Each line from the one containing "Ste Logo - Logos | Youngstedts" to the end of the records below should be restated word for word; please leave out all other lines.

Stored items from a collection:

------------------------------

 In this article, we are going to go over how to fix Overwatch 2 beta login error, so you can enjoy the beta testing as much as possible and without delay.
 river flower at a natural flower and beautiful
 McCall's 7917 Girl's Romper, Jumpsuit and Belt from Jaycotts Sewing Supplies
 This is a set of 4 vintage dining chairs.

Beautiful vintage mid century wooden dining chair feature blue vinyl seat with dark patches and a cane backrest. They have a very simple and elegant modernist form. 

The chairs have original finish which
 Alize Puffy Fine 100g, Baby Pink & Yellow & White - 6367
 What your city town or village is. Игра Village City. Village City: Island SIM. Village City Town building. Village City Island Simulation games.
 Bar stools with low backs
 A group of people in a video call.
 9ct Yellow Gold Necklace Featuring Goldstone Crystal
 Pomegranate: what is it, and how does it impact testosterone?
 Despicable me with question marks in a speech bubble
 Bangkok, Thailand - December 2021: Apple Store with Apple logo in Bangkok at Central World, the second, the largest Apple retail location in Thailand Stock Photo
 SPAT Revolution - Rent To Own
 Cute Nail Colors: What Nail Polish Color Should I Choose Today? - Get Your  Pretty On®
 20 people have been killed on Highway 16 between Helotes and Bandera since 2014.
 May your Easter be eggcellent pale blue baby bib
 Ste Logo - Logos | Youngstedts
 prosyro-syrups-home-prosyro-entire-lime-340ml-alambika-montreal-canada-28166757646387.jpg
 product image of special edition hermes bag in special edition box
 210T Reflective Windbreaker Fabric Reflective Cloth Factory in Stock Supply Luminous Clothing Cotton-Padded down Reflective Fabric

------------------------------

▶ [Solved problem]
 Ste Logo - Logos | Youngstedts
 prosyro-syrups-home-prosyro-entire-lime-340ml-alambika-montreal-canada-28166757646387.jpg
 product image of special edition hermes bag in special edition box
 210T Reflective Windbreaker Fabric Reflective Cloth Factory in Stock Supply Luminous Clothing Cotton-Padded down Reflective Fabric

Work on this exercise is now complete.